Levanté la mirada, pero veía borroso por las lágrimas acumuladas en mis ojos por culpa de la frustración de no entender nada. Daniel limpió las lágrimas con sus pulgares, y a mi mente llegó una sensación de que eso ya había pasado antes. 

-No entiendo nada, Daniel, Lara tiene razón, la gente cada vez se separa más de mí, y no entiendo el por qué. ¿Qué he hecho Daniel? ¿Qué he...-No pude terminar la frase, Daniel me atrajo hacia él y me abrazó, era una abrazo cariñoso, de comprensión. No pude evitar llorar otra vez. 

-Tranquila, Ana, esto terminará pronto, ya lo verás. -Me dijo, mientras me tenía abrazada. Luego me separó un poco y me beso en la frente.

-Ya lo verás...



viernes, 10 de abril de 2015

CAPÍTULO 48

-¿Puedo ir a clase?-Le pregunté a la Dra.
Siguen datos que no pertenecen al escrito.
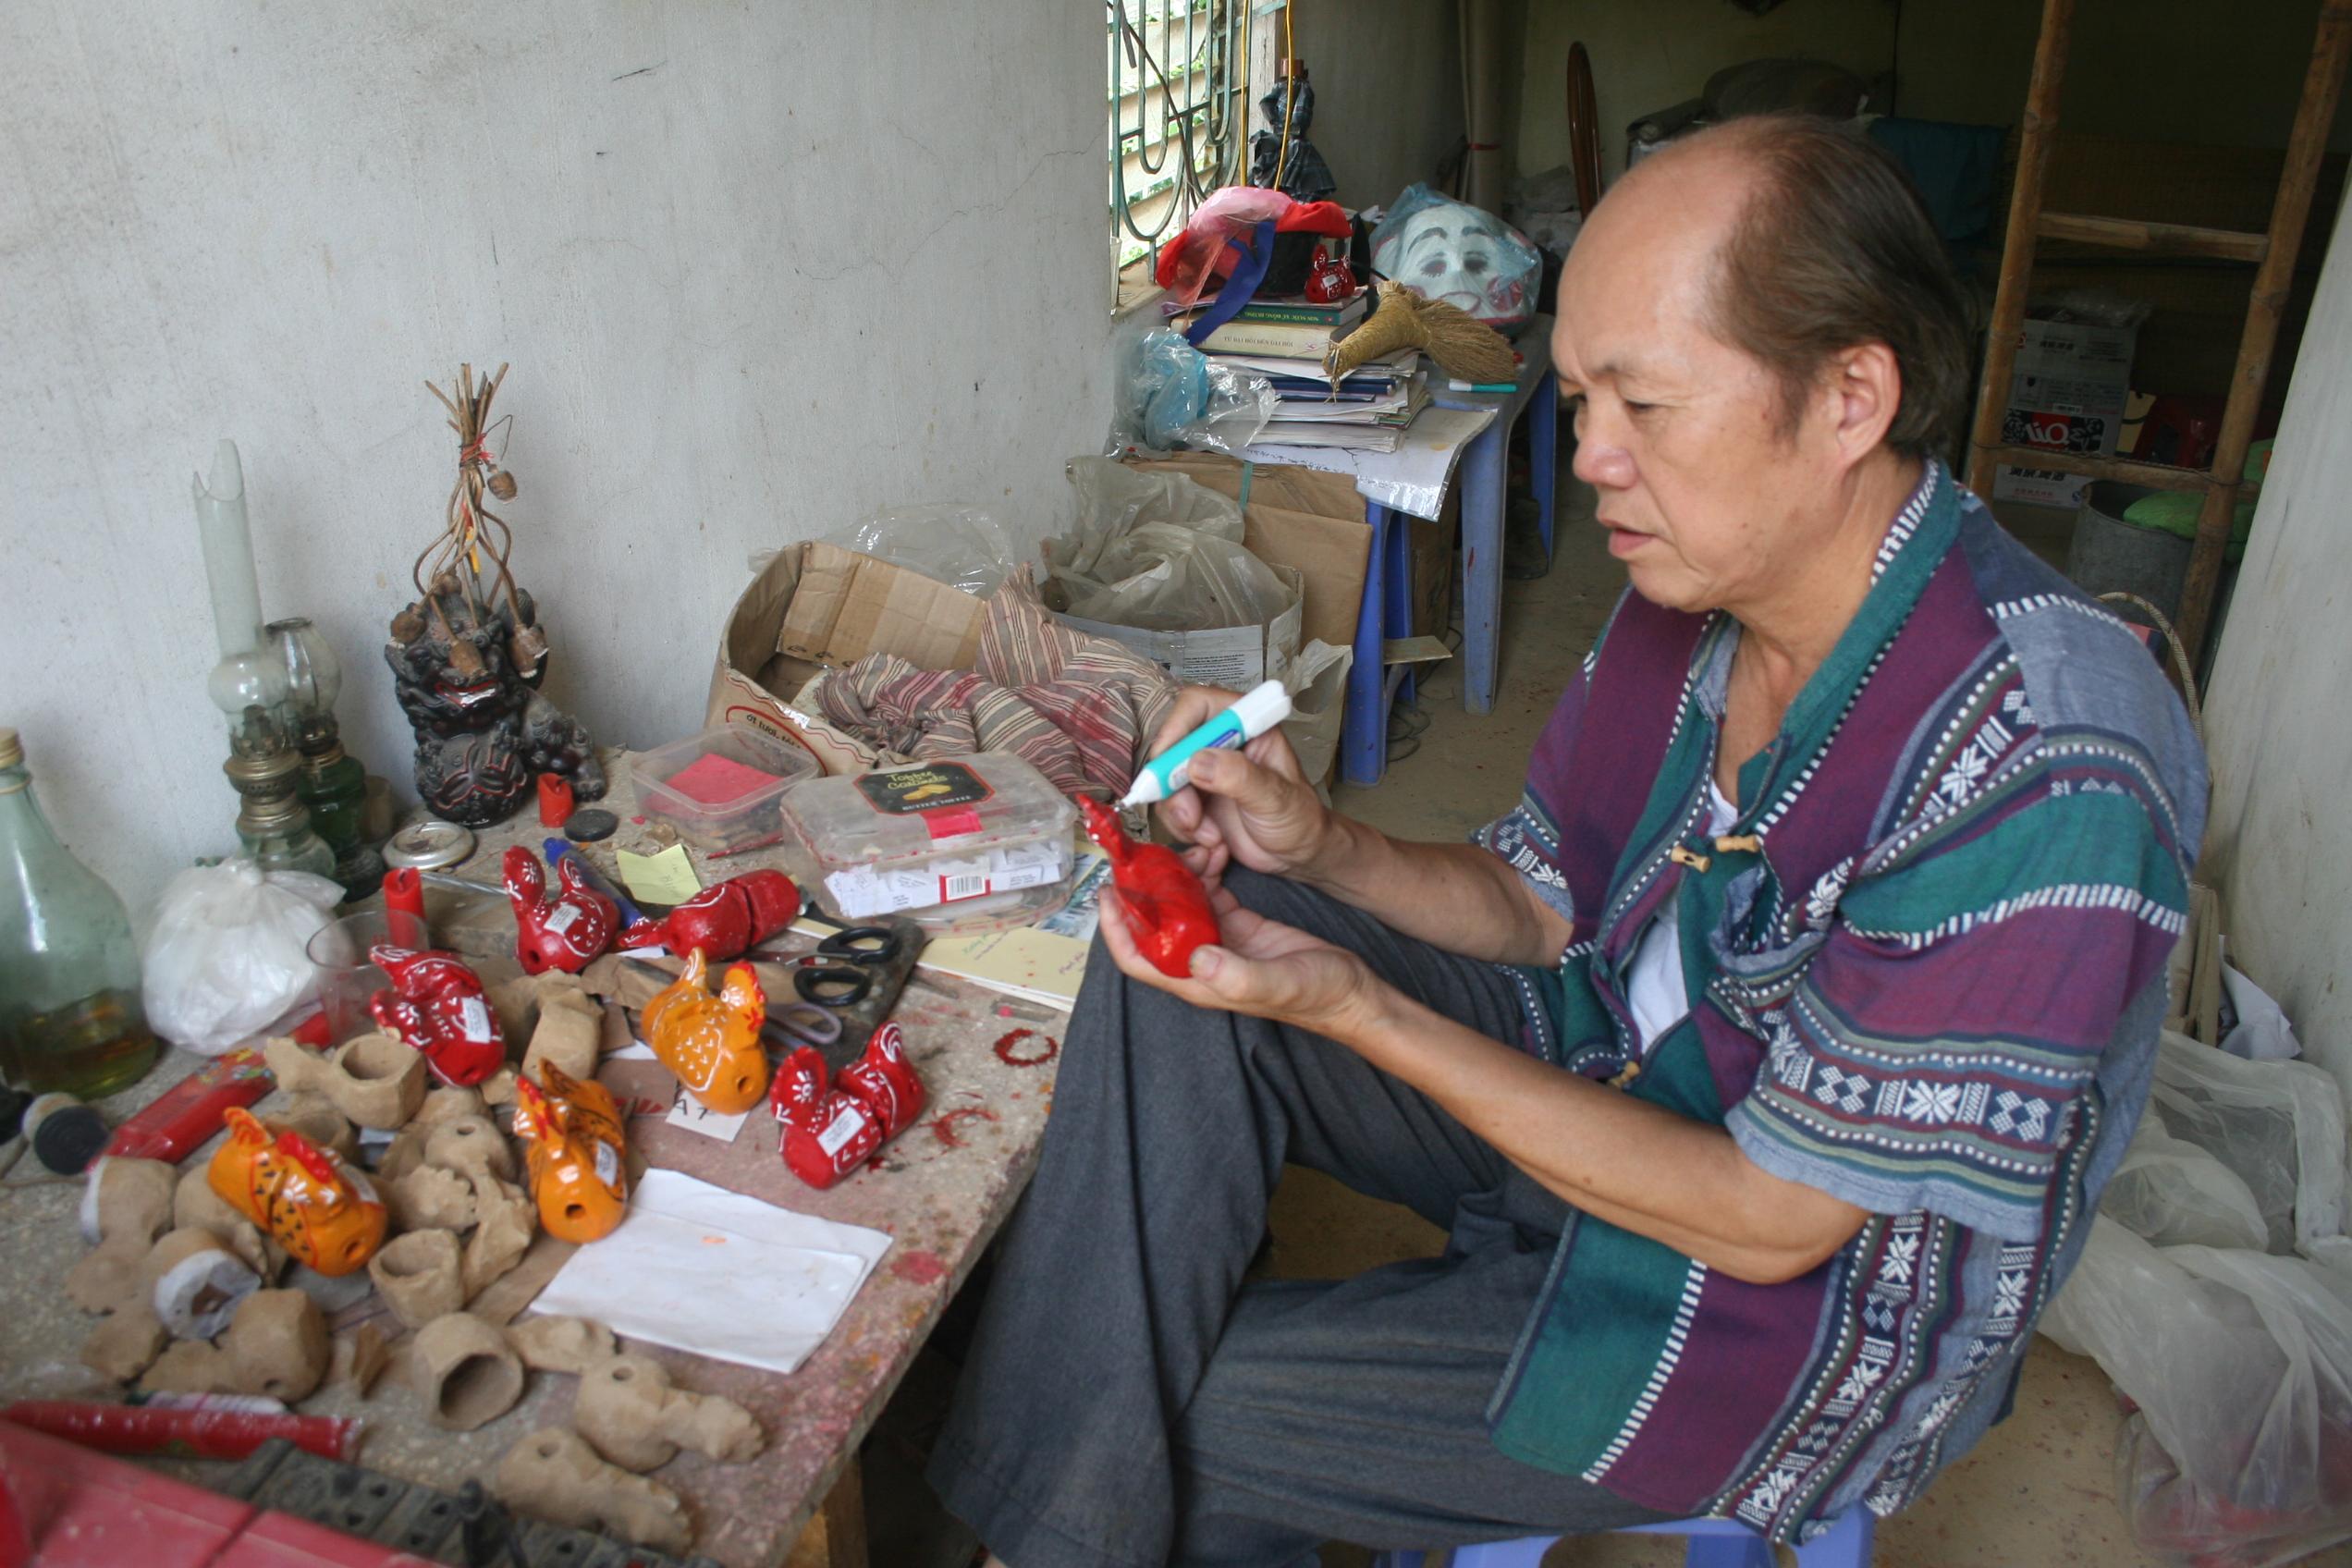 Ông Chóong dành rất nhiều thời gian cho việc chế tác gà đất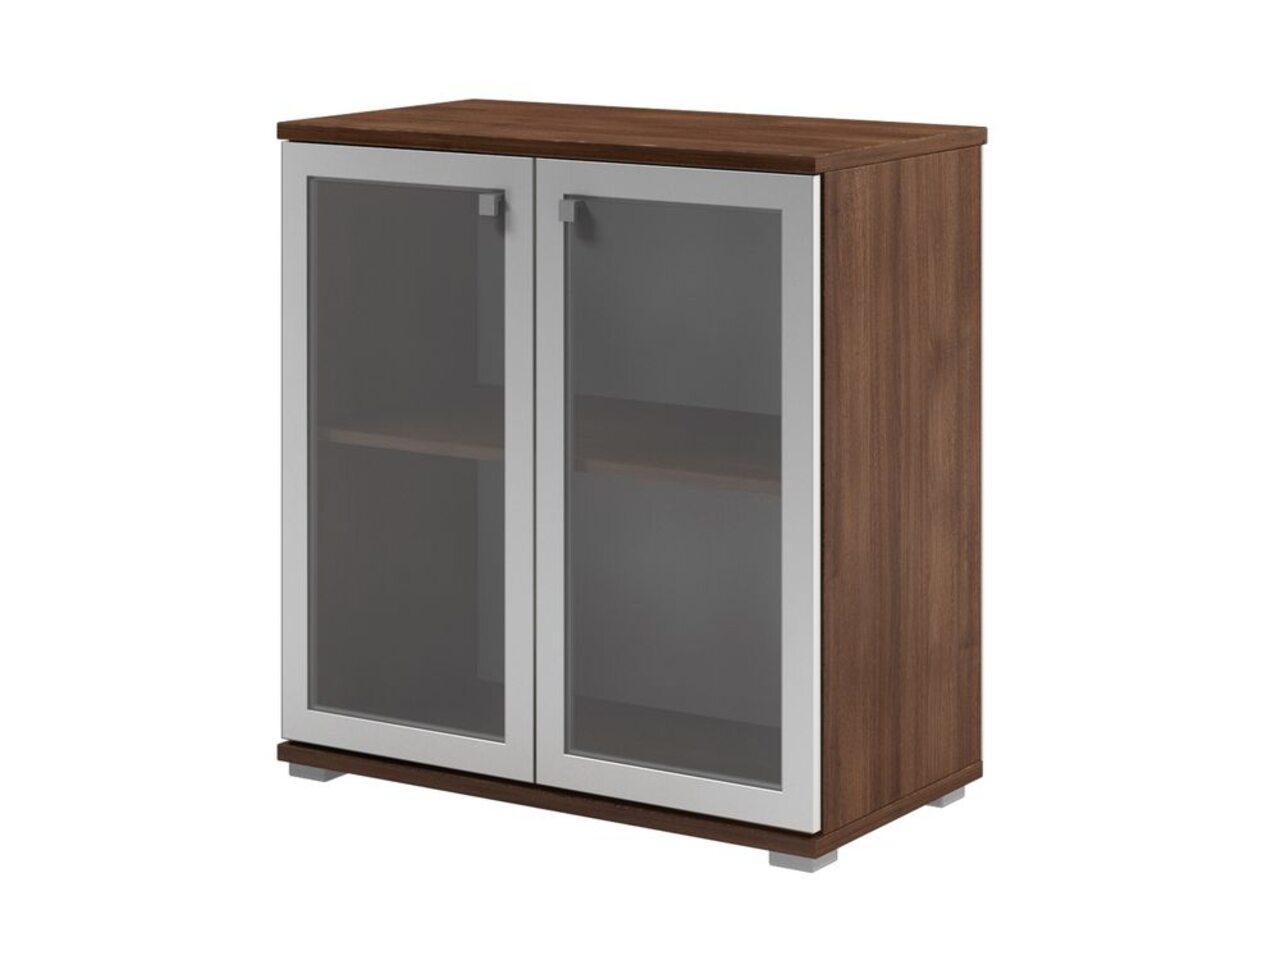 Шкаф с матовым белым стеклом  Space 80x43x84 - фото 1

Parker, que ahora estaba curando el brazo de un chico el cual se había caído haciendo educación física.

-Ya te he dicho que no cuatro veces Ana, necesitas descansar, es mejor que no hagas nada durante toda la mañana y así asegurarnos que no te vuelvas a marear.

-Pero, tengo que exponer un trabajo con un compañero.-Y era cierto, aún teníamos que exponer el trabajo que me tocó hacer con Steve debido a mi retraso al llegar a clase.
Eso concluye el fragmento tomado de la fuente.